Go through the listing below and retype exactly the lines starting at the one with "8 orsay trendy" and ending at the one with "Rhinoceros beetle in", skipping pictures.

Record extracts.
· · · ·

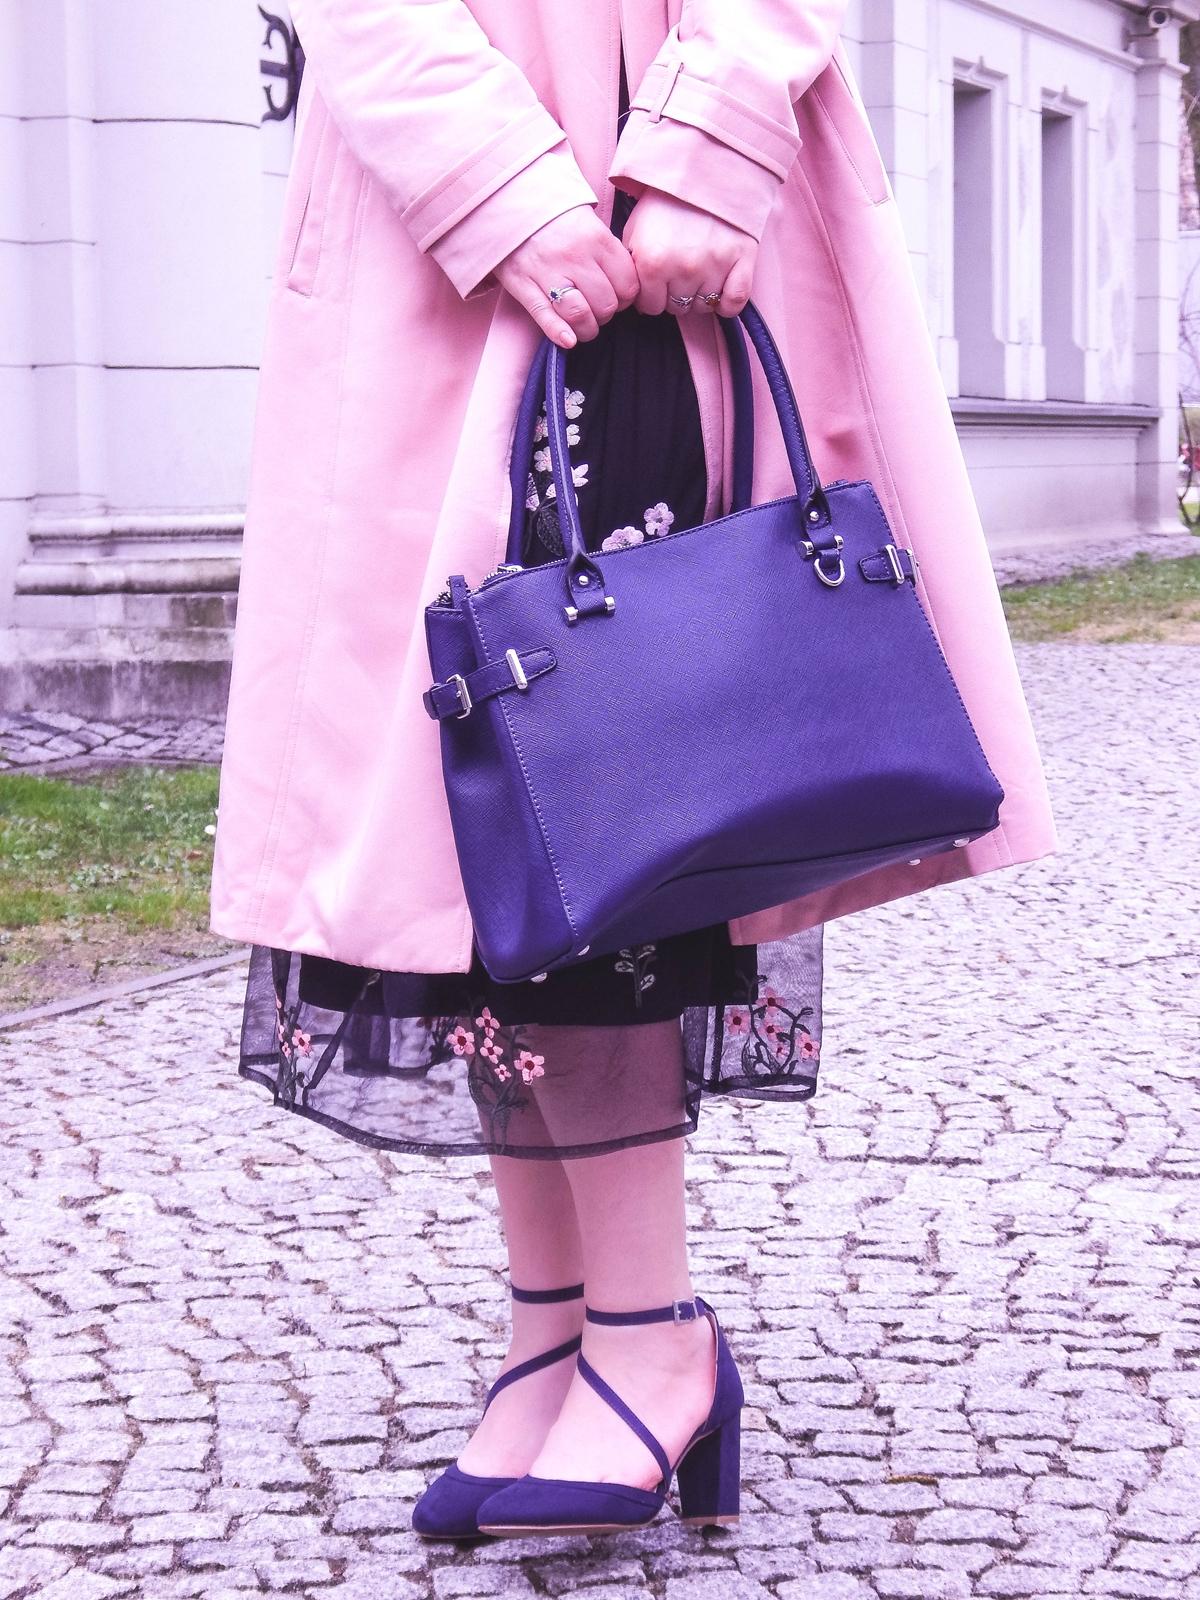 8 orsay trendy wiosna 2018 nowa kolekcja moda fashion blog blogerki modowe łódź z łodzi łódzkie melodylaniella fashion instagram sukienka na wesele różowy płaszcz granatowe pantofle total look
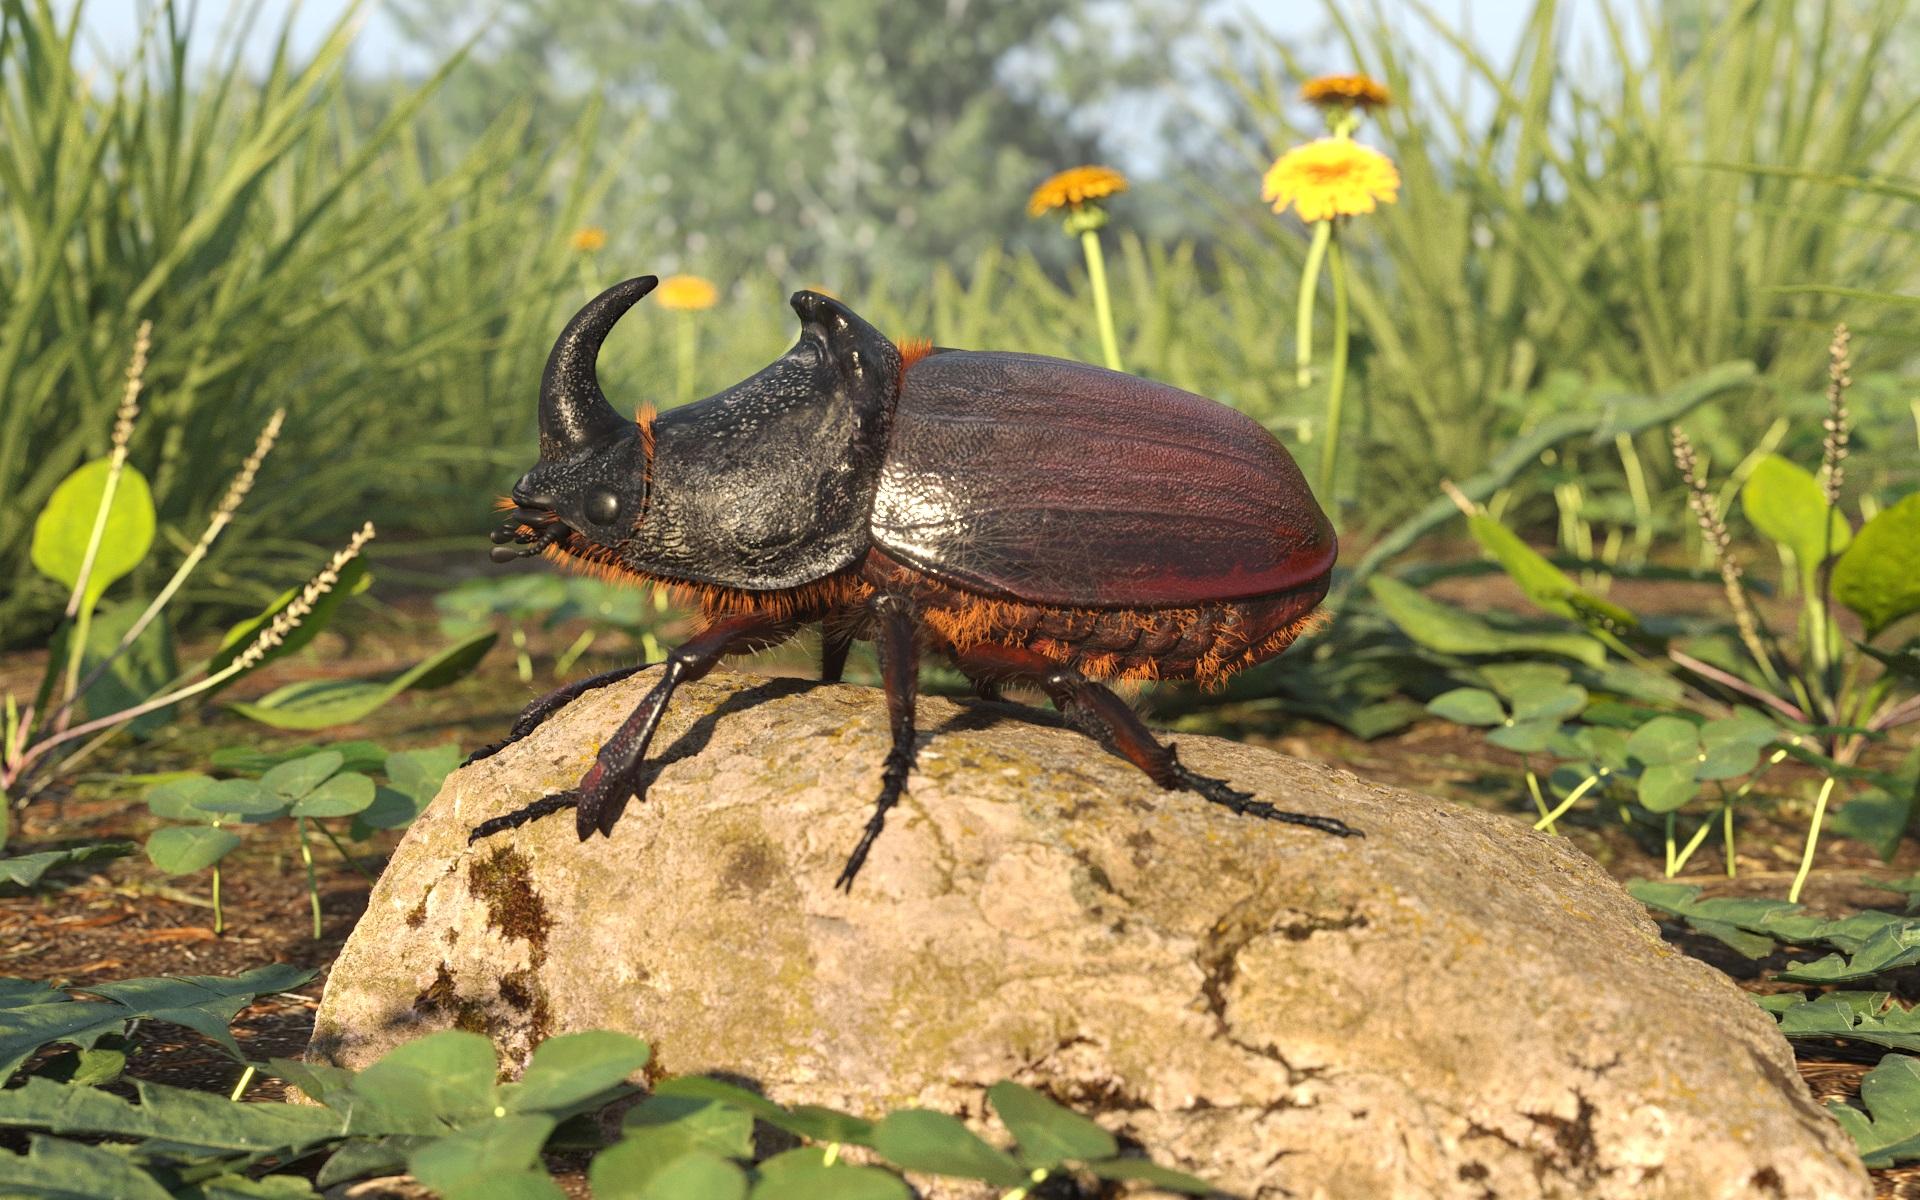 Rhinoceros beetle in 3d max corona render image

· · · ·

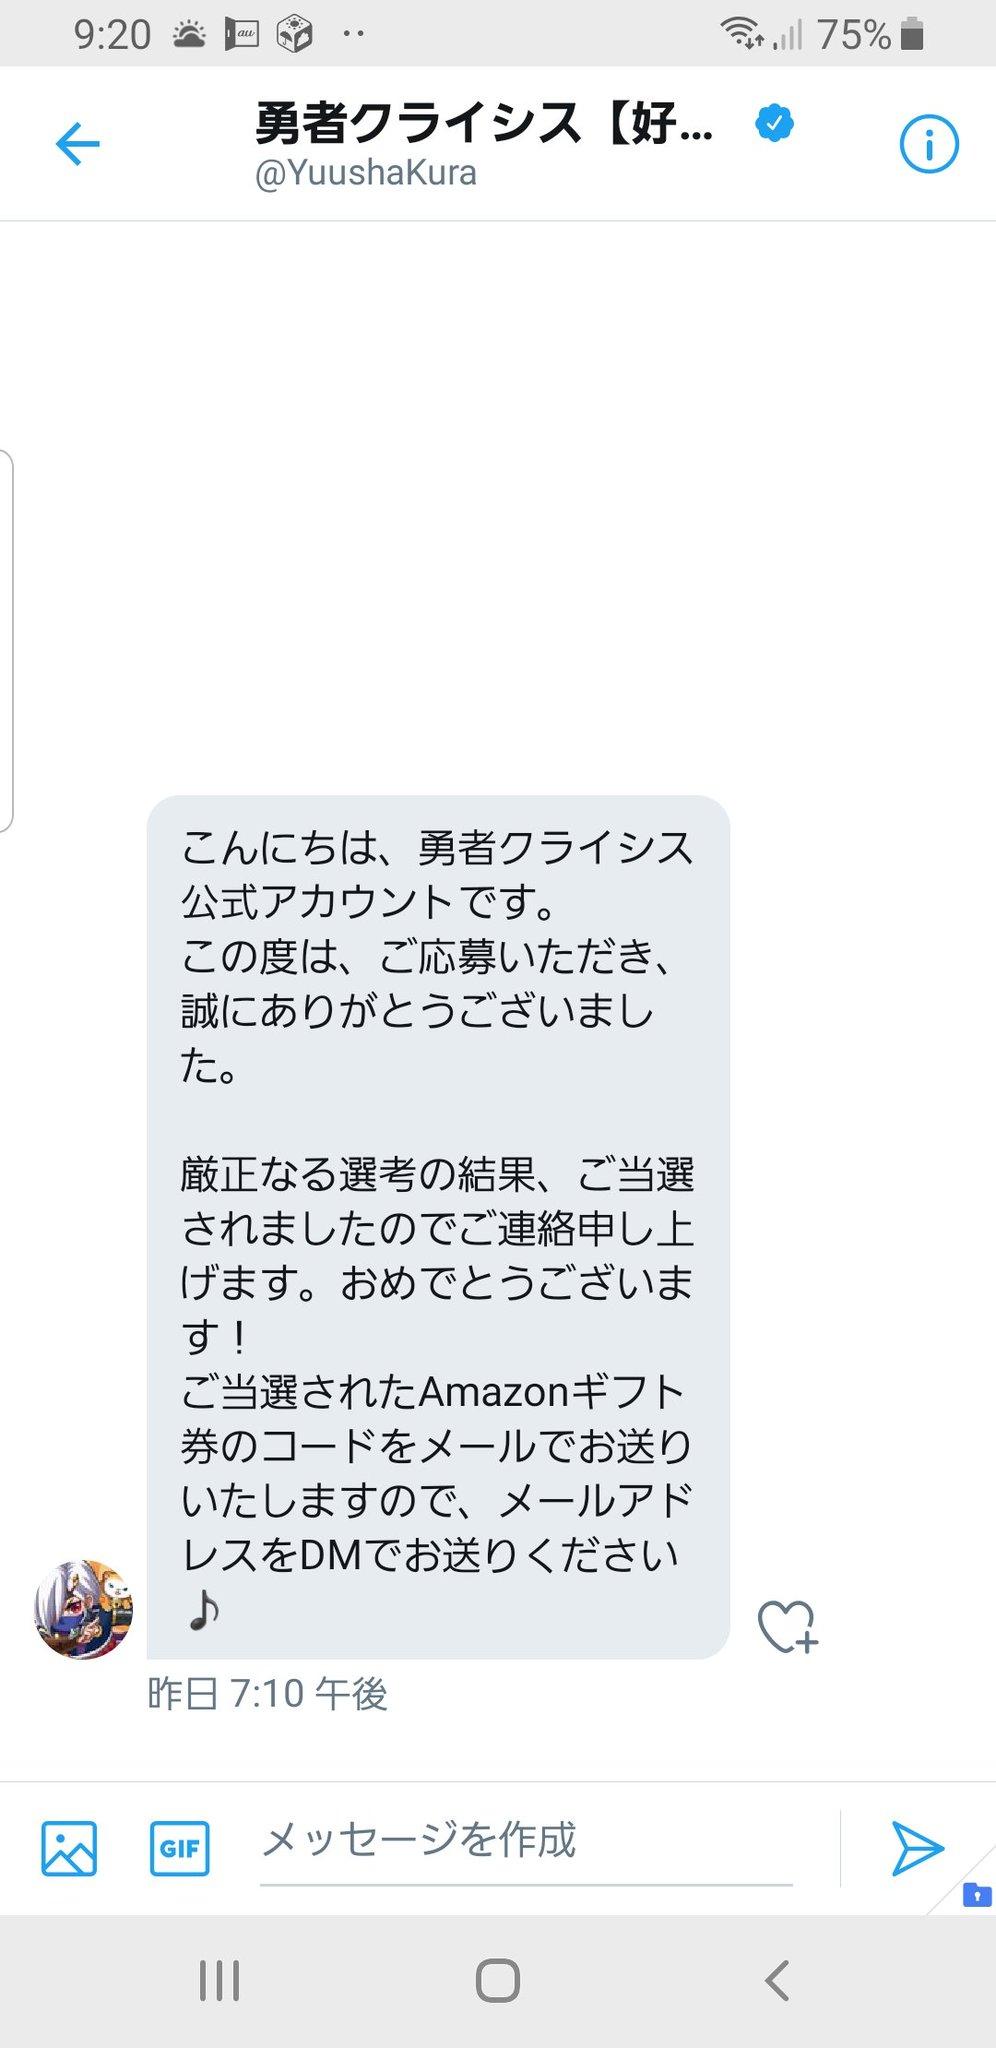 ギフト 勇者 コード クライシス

· · · ·

Reply.
 8 orsay trendy wiosna 2018 nowa kolekcja moda fashion blog blogerki modowe łódź z łodzi łódzkie melodylaniella fashion instagram sukienka na wesele różowy płaszcz granatowe pantofle total look
 Rhinoceros beetle in 3d max corona render image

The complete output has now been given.